Attached to the collegiate church, and partly under it, is one of the most unique constructions in this complex, the Pantheon of the ducal house of Osuna and county of Ureña, founded in the mid-16th century by the 4th count, Don Juan Téllez-Girón. The complex is accessed from the chapel of the Immaculate Conception through a Plateresque door decorated with motifs alluding to death as a sign of mourning and warning, as it was only opened when a member of the family was to be buried, remaining closed the rest of the time.

Of the different rooms that make up the pantheon, the most notable are the chapel of the Holy Sepulchre and the sepulchral crypt, two underground rooms that are under the main altar of the collegiate church. A location that was intended to place the relatives who rested in the crypt under divine protection.

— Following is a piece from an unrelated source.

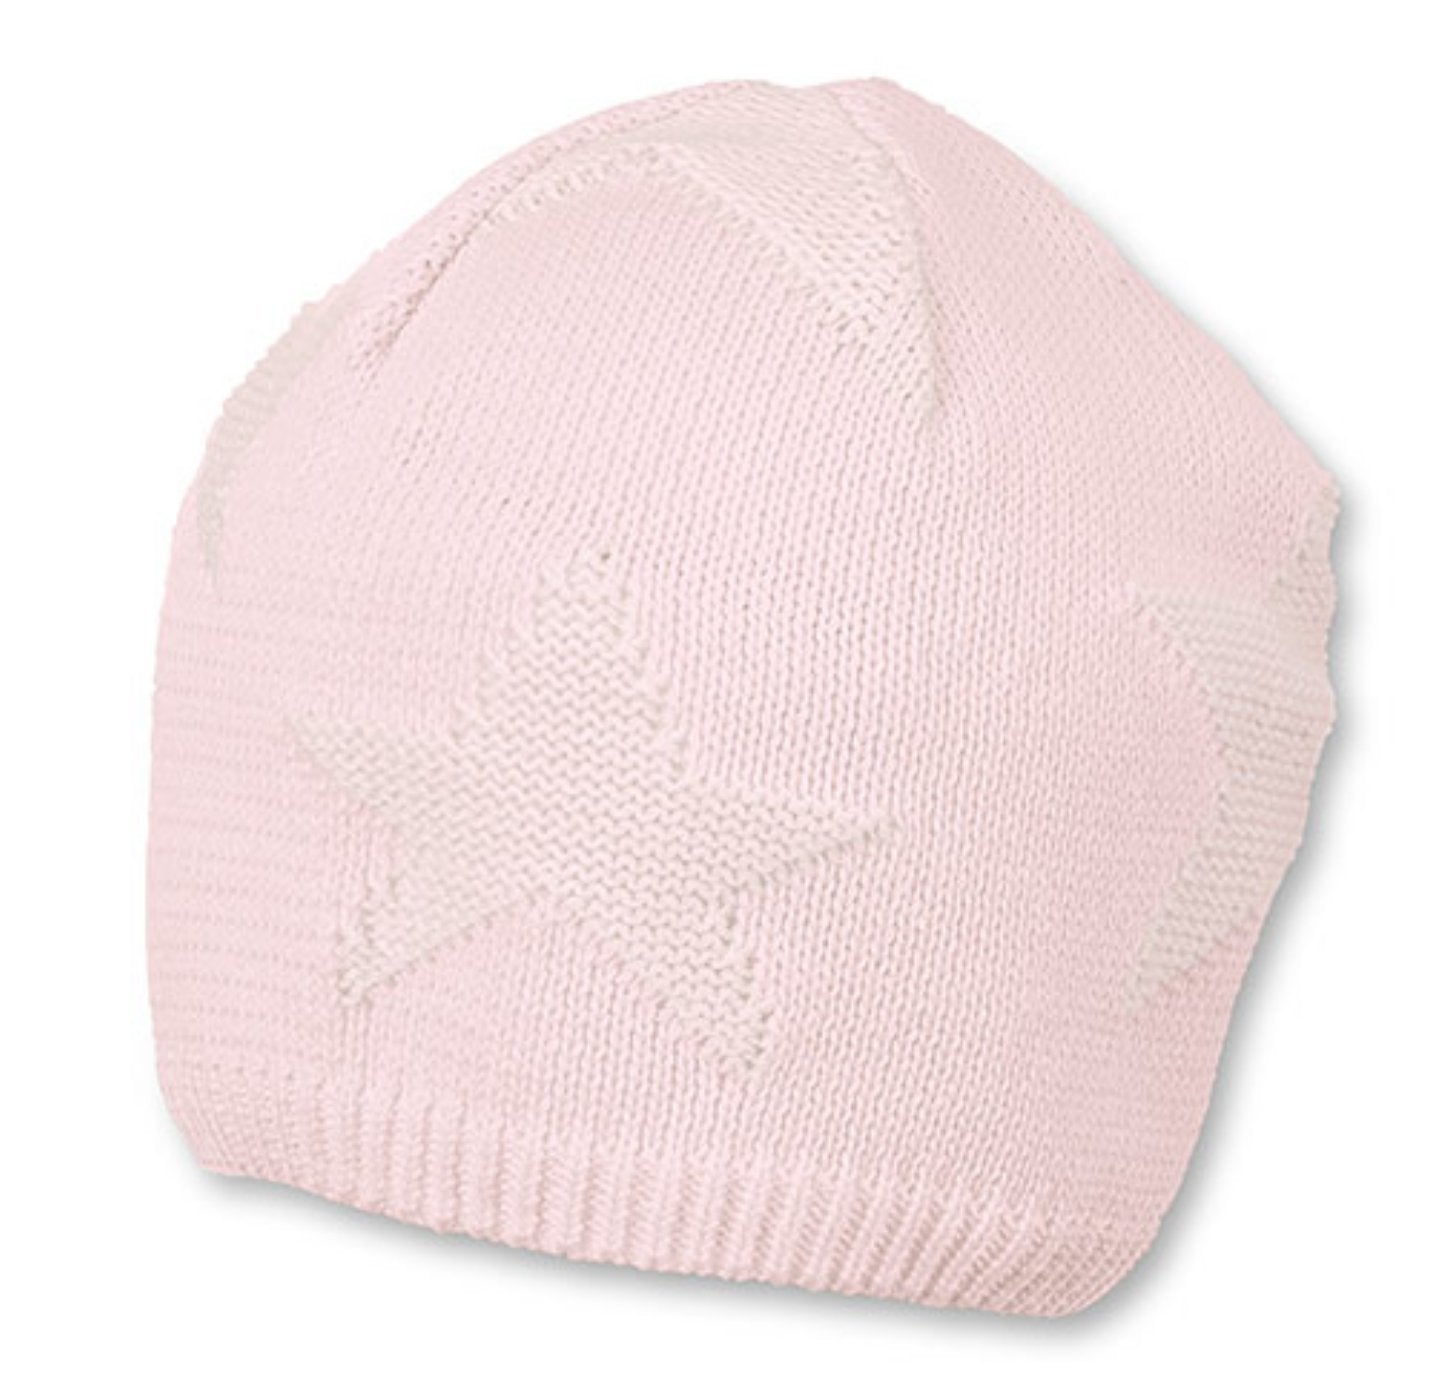 Baby gestrickte Mütze grau rosa Sterntaler
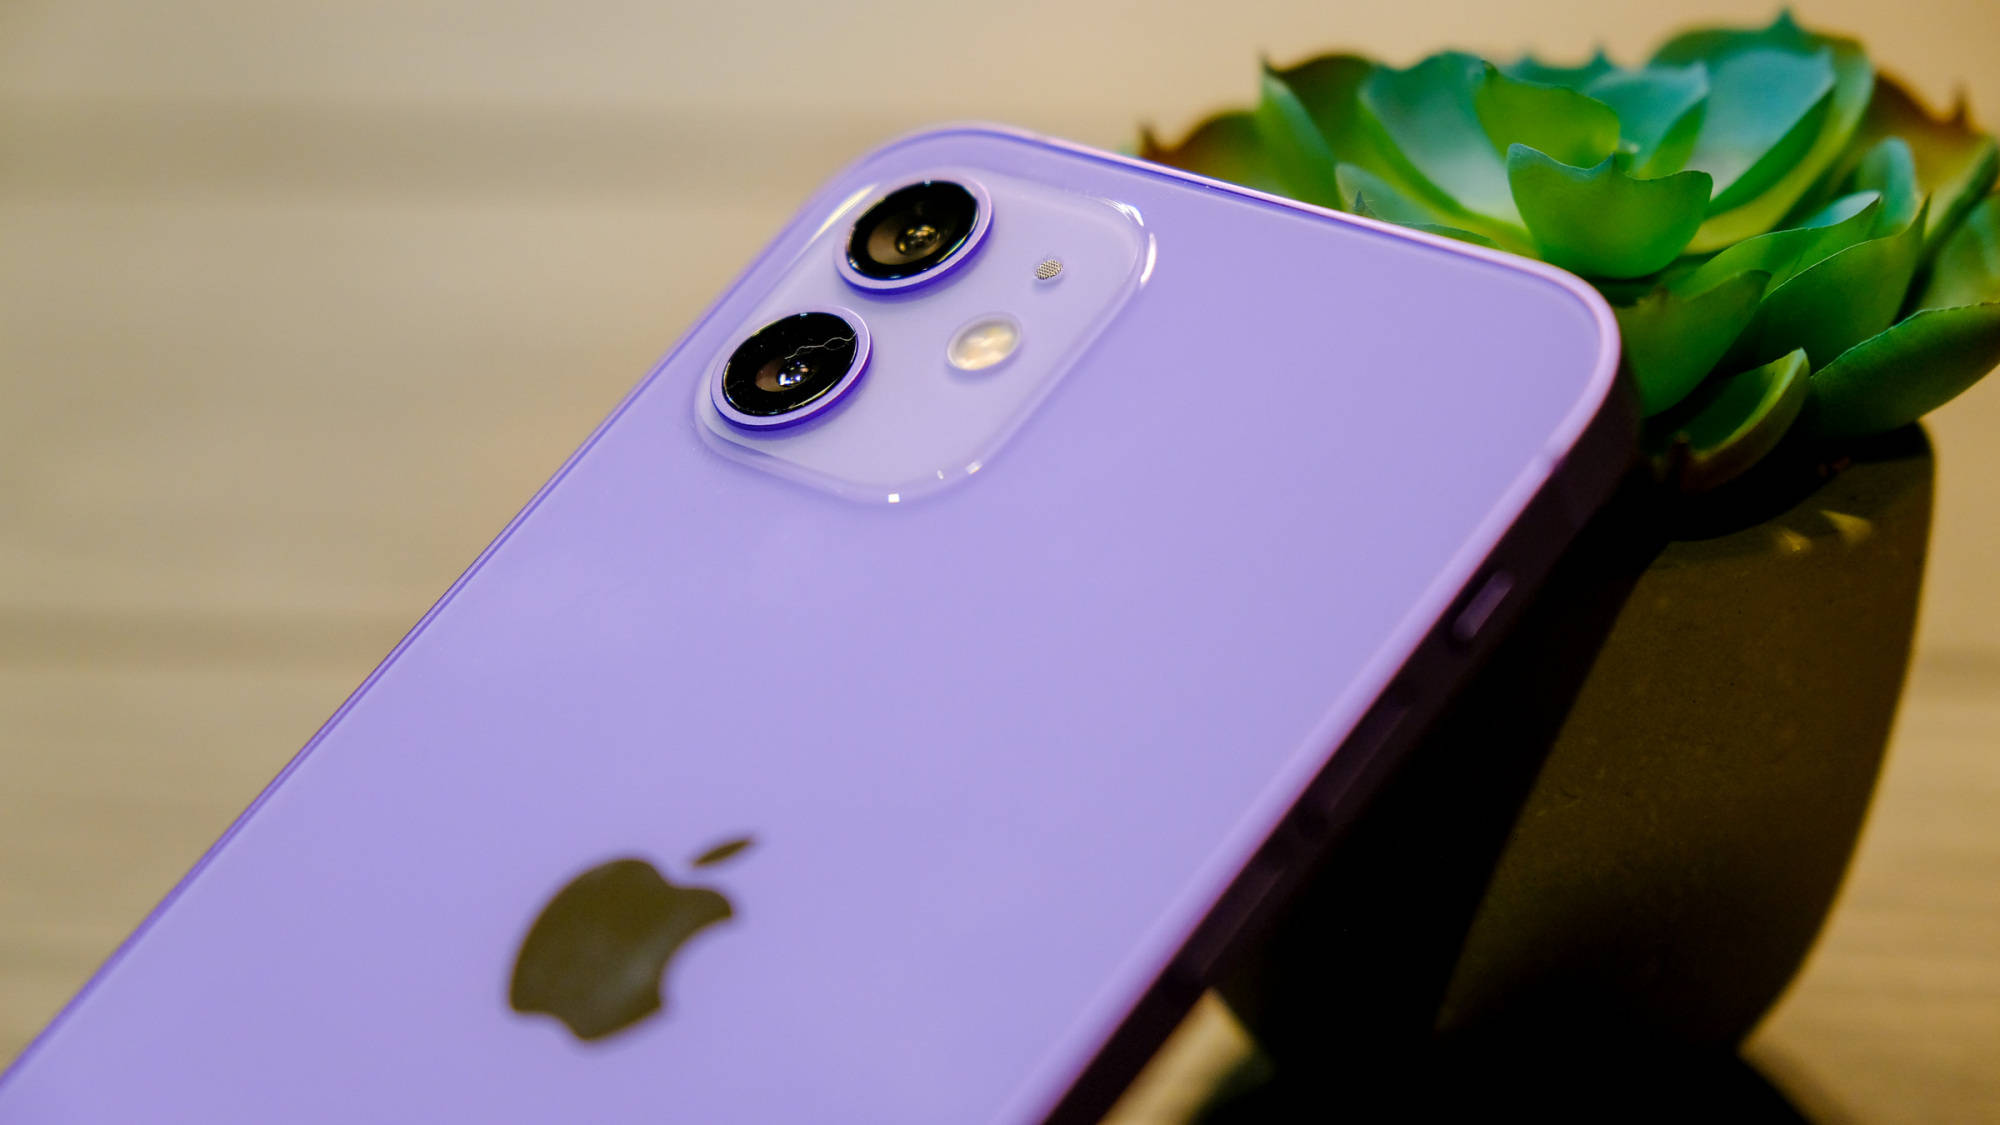 原创紫色iphone12最新价格确认,开售直接降价,128gb版本售价亲民

The Renaissance architecture of the collegiate complex was completed with a rich iconographic programme where the altarpieces stand out as support, among whose scenes there is a representation of the Assumption of the Virgin Mary, under whose patronage the Collegiate Church is.

As a result of the patronage of the dukes and donations from devotees, numerous works of art (imagery, painting, altarpieces, etc.) were added to the original iconographic and decorative programme, constituting a rich treasure where the collection of baroque oil paintings stands out, with paintings such as Christ of the Atonement by José de Ribera, and works of imagery, such as Christ of Mercy by Juan de Mesa.

Bibliography

AGREDANO ALONSO, J. La Colegiata de Osuna. Arte, Arqueología e Historia. 15. 2008.

VVAA. Colegiata de Nuestra Señora de la Asunción (Osuna). Ficha Técnica Junta de Andalucía.